Think of heroin not so much as a different drug than morphine but as 2 acetyl groups which act as a vehicle for the faster and more efficient transmission of morphine across the blood-brain barrier. Non-parenteral administration of morphine and diamorphine produces identical effects, IV heroin produces a bigger rush because it crosses the BBB faster.
Well put... a lot of ppl even experienced users are unaware of exactly how short the half-life of heroin as its own molecule is. It is LITERALLY like less than 5 minutes, no more than 5 min.. but by then the acetyl group (which actually hinders heroin's affinity for the mu-receptor!) did its job of getting its precious cargo across the blood-brain barrier.
Of course shortly thereafter one of these "vehicle" acetyl groups is removed in vivo to create either 6-
monoacetylmorphine (6-MAM) or 3-MAM. This is in contrast to another common misconception... that the heroin (diacetylmorphine) is actually converted straight to morphine directly when metabolized.
I am fairly sure that the"straight to morphine" process does not occur at all... and if it does, it happens on a very small, negligible scale in the grand scheme of things.
In fact, only ONE acetyl group ("vehicle") is removed at a time during heroin's metabolism... 6-MAM being the more active monoacetylmorphine over 3-MAM in terms of mu-receptor affinity/analgesic effect.
As has been pointed out, 6-monoacetylmorphine has a higher mu-receptor affinity than both morphine and heroin (3-MAM as well). 6-MAM has a much longer, more opiate-typical half-life than heroin and plays an underrated role in heroin's euphoric advantage over morphine.
The 6-MAM has the benefit of still having a "vehicle" acetyl group to help cross the BBB a lot faster/easier than plain morphine... AND (unlike heroin), having now lost one of the acetyl groups after the initial metabolizing, can produce the pharmacological action on opiate receptors that heroin cannot.
I've always wondered what taking pure 6-MAM would be like. I guess from the info I've read about it, it would basically be like a "super-morphine" much like what heroin could be considered, although to a somewhat lesser extent. Both of the enhanced versions of morphine have that key acetyl group "vehicle" to speed up the crossing the BBB and cause the drugs to work quicker than plain morphine. Of course, having TWO acetyl vehicles ensures heroin's faster action. So I bet 6-MAM would probably feel like a bit of a slower acting heroin, of course having similarities to morphine.
Lastly, and I never really hear this mentioned in such discussions, but aside from the aforementioned advantages over morphine I think that the simple fact of the heroin molecule having to go through all the processes it does once in the body has GOT TO play a factor in the length of the high, in a good way of course.
When you think about it, heroin's modest advantage over morphine of inducing a high with a little longer duration (the quicker rush is a FAR bigger factor popularity-wise) should pretty much be considered by default... the changes heroin undergos in its metabolic process (as mentioned last paragraph) make the prodrug into to mini-cocktail of sorts containing some active metabolites with different half-lives and qualities.
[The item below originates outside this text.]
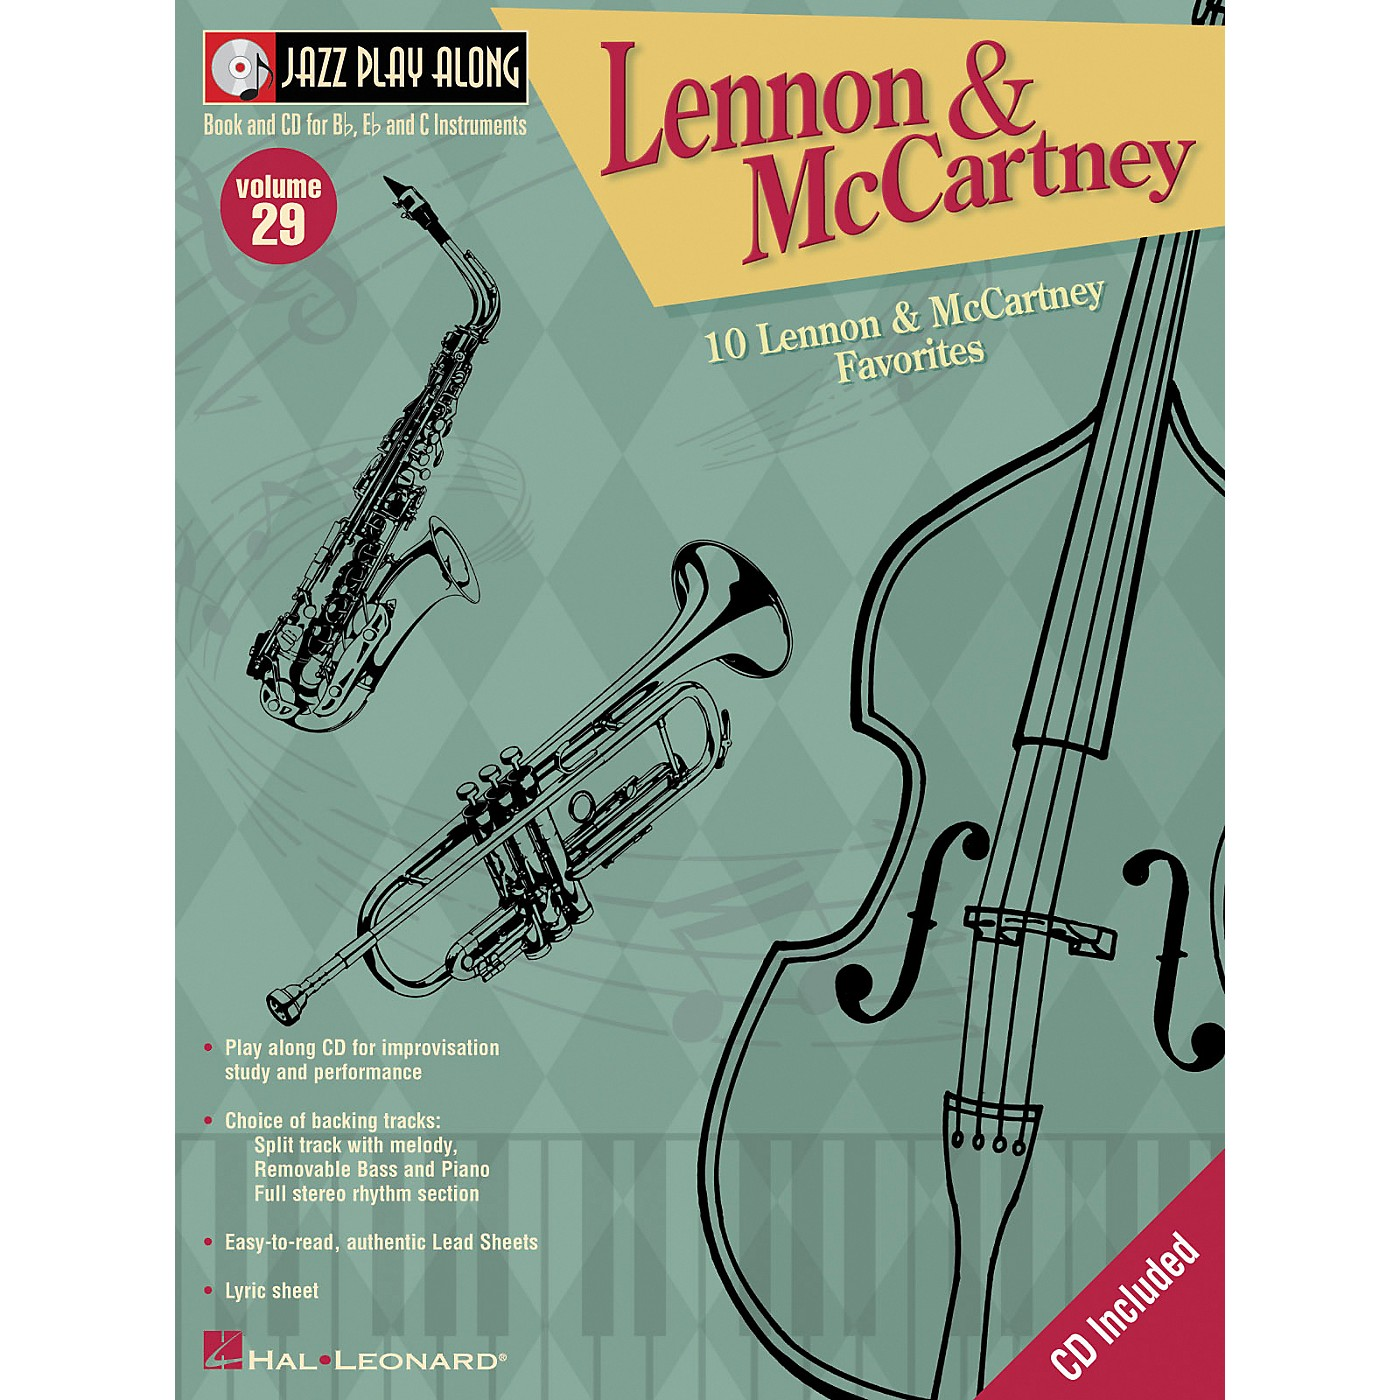 Hal Leonard Lennon And McCartney - Jazz Play Along Volume 29 Book with CD thumbnail
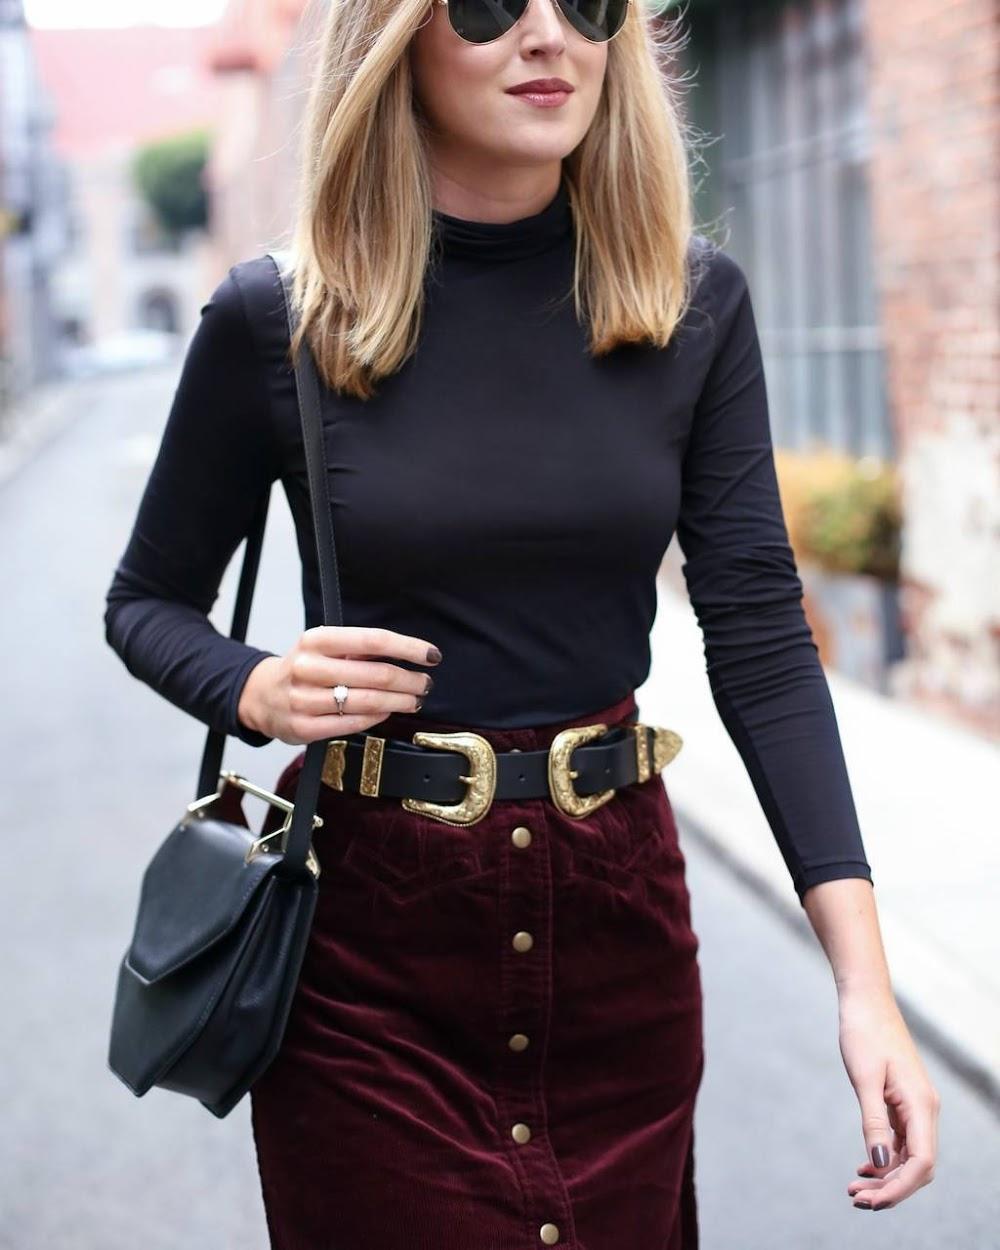 fashion belts_image

***There is a lot to be said for fact that morphine can actually be considered just another stop (albeit a significant one) during the journey of the heroin molecule's metabolizing in the body. And a lesser one at that, somewhat further into the unfolding of the process than the superior 6-MAM. This fact, plus heroin's more favorable side-effect profile, makes DIACETYLmorphine (yes, that's heroin) unequivocally superior to morphine, IMHO***
Wow, sorry that got a bit long there... hope someone learned something!! I'm sure a lot of ya'll already knew a lot of this but I liked the "vehicle" analogy... and I'm bored.